Sentada en su coche hice un puchero.
—¡Nunca me va a aceptar, Diego, soy huérfana!, ¿entendés? —Él rápidamente me retrucó:
—Eli, no hace falta contar todo, mi vida, le decís que tenés familia lejos y listo. —La situación me parecía peligrosa, así que ultimamos detalles y cuando por fin tuve el primer encuentro con su mamá, mi persona fue absolutamente reemplazada por una joven de 18 años, que fue criada de la misma manera que su amado hijo y a quienes sus padres (que vivían en San Luis) habían enviado a estudiar a Buenos Aires. La señora me pareció realmente amable y me dolía mentirle de esa manera.
Nuevamente en el auto Diego me abrazó y me dijo que su mamá estaba feliz conmigo y yo superenojada le grité:
—¡Son puras mentiras, apenas descubra quién soy me va a odiar! —Tratando de calmarme me contestó:
—Nada que ver, lo importante es que estemos juntos, el resto veremos. —Pero yo sentía que me había obligado a mentir, porque él no tenía las gónadas suficientes para decirle a la mamá de dónde literalmente me había sacado. Esa situación me quedó haciendo ruido...

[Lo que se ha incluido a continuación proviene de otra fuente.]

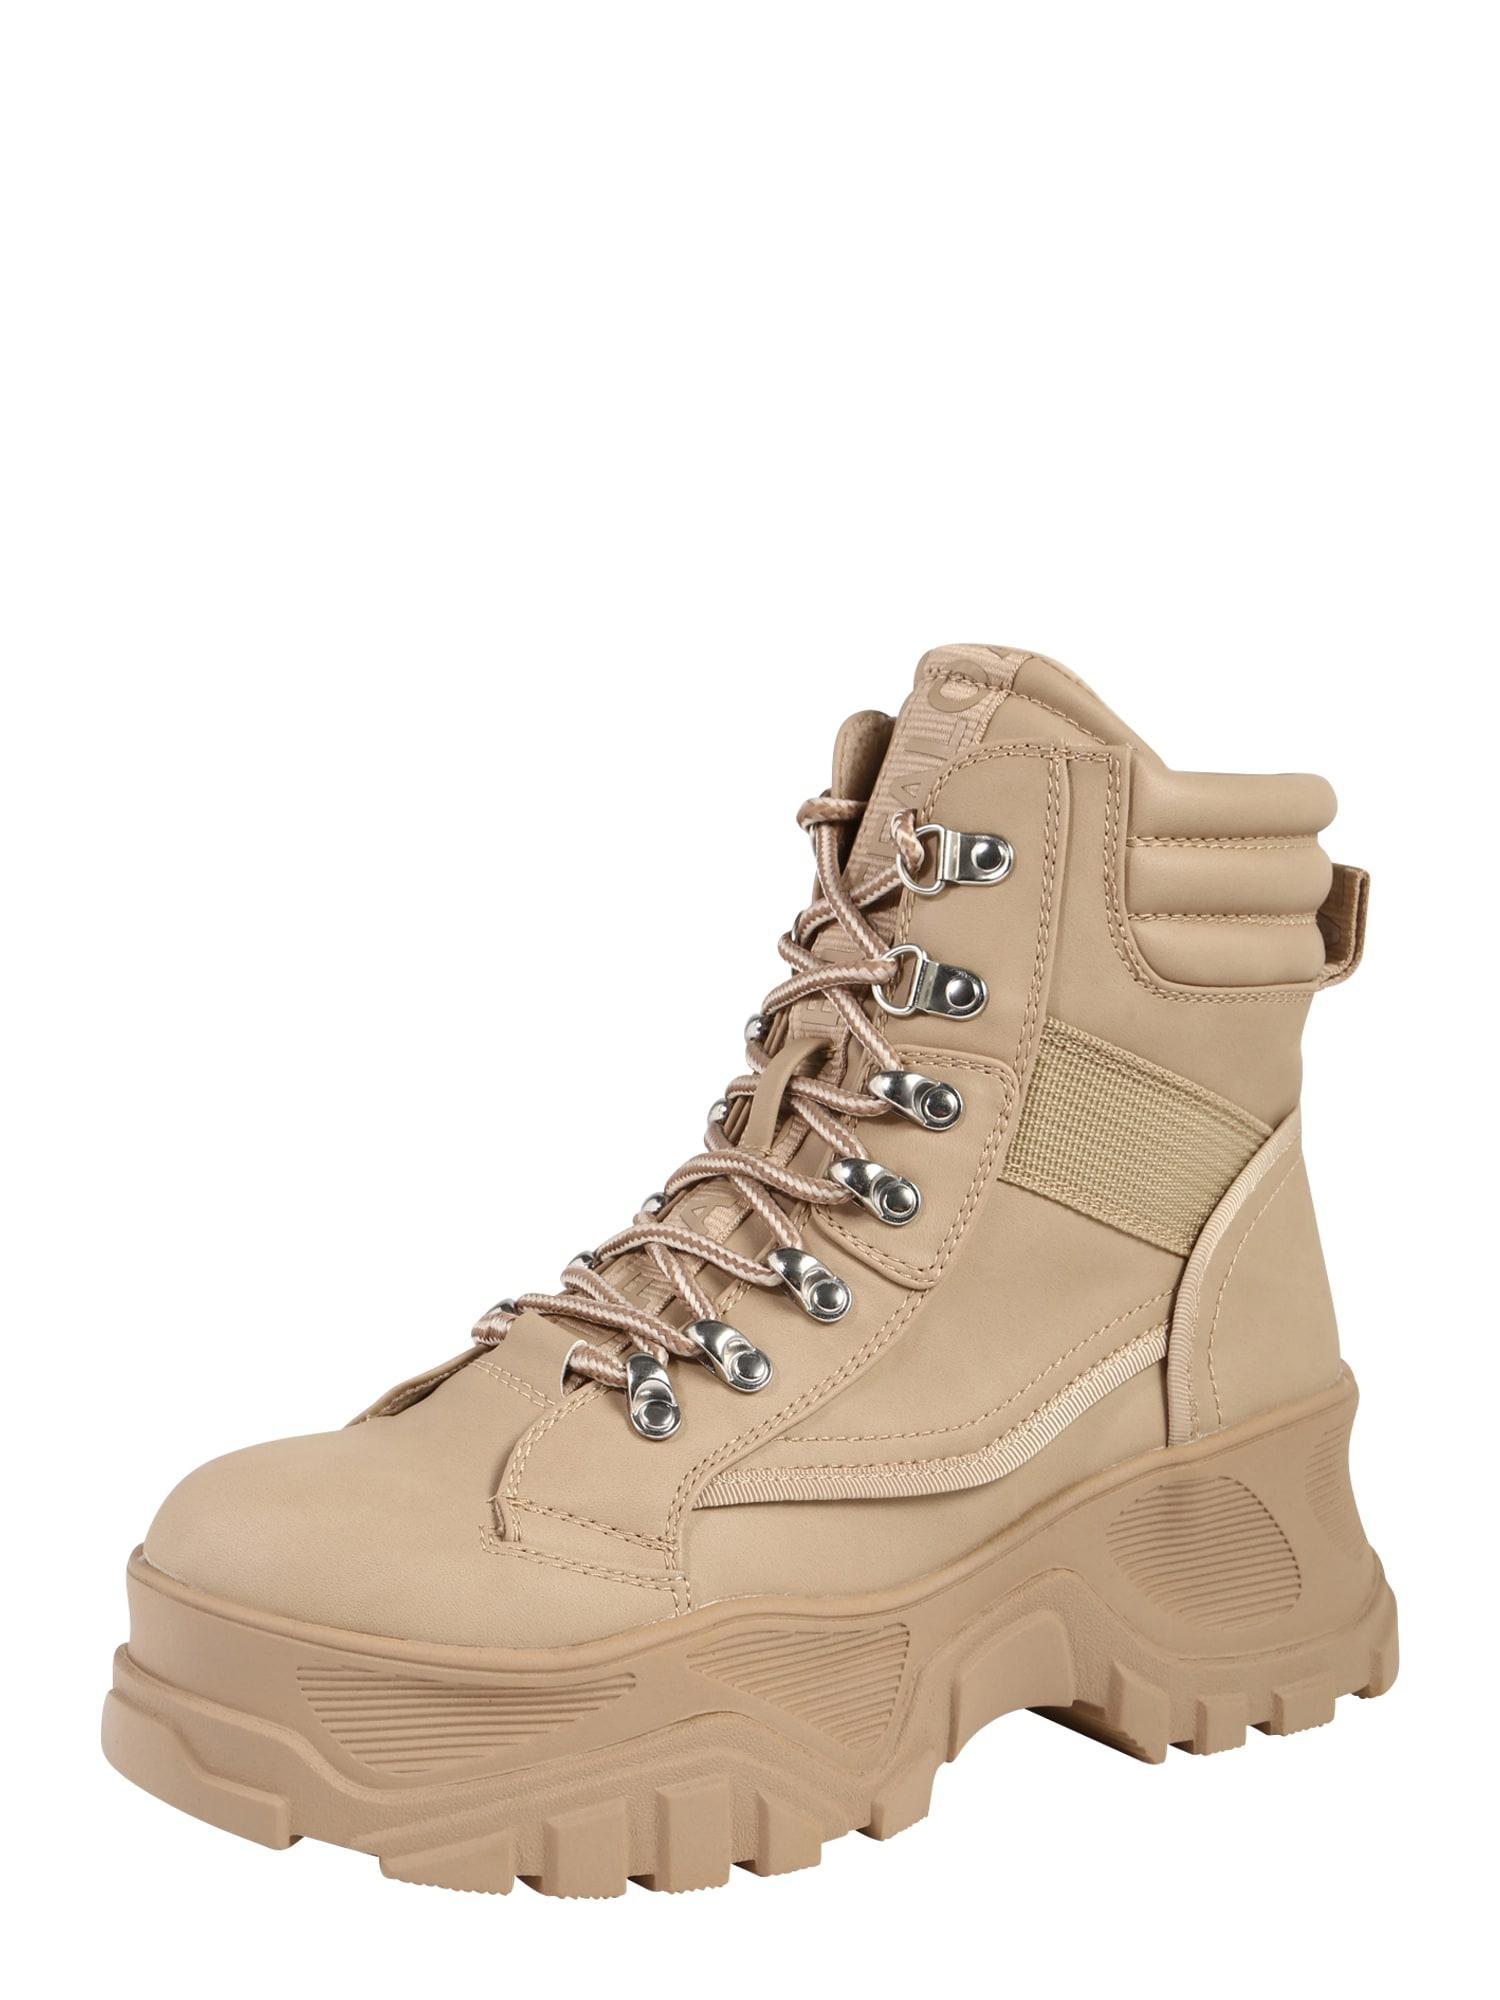 Šněrovací boty FENDO krémová BUFFALO

Nuestra historia de amor fue rápida, efímera, voraz como un incendio y con la misma velocidad se apagó. Yo aún no había tenido relaciones sexuales con nadie y era un tema recurrente en casi todas nuestras salidas, porque Diego era un hombre de 28 años y sentía que la carne le hervía y el deseo lo acuciaba. El problema era que sus tiempos no eran los míos y su error más grande fue pensar que yo caería rendida a sus pies y en sus genitales.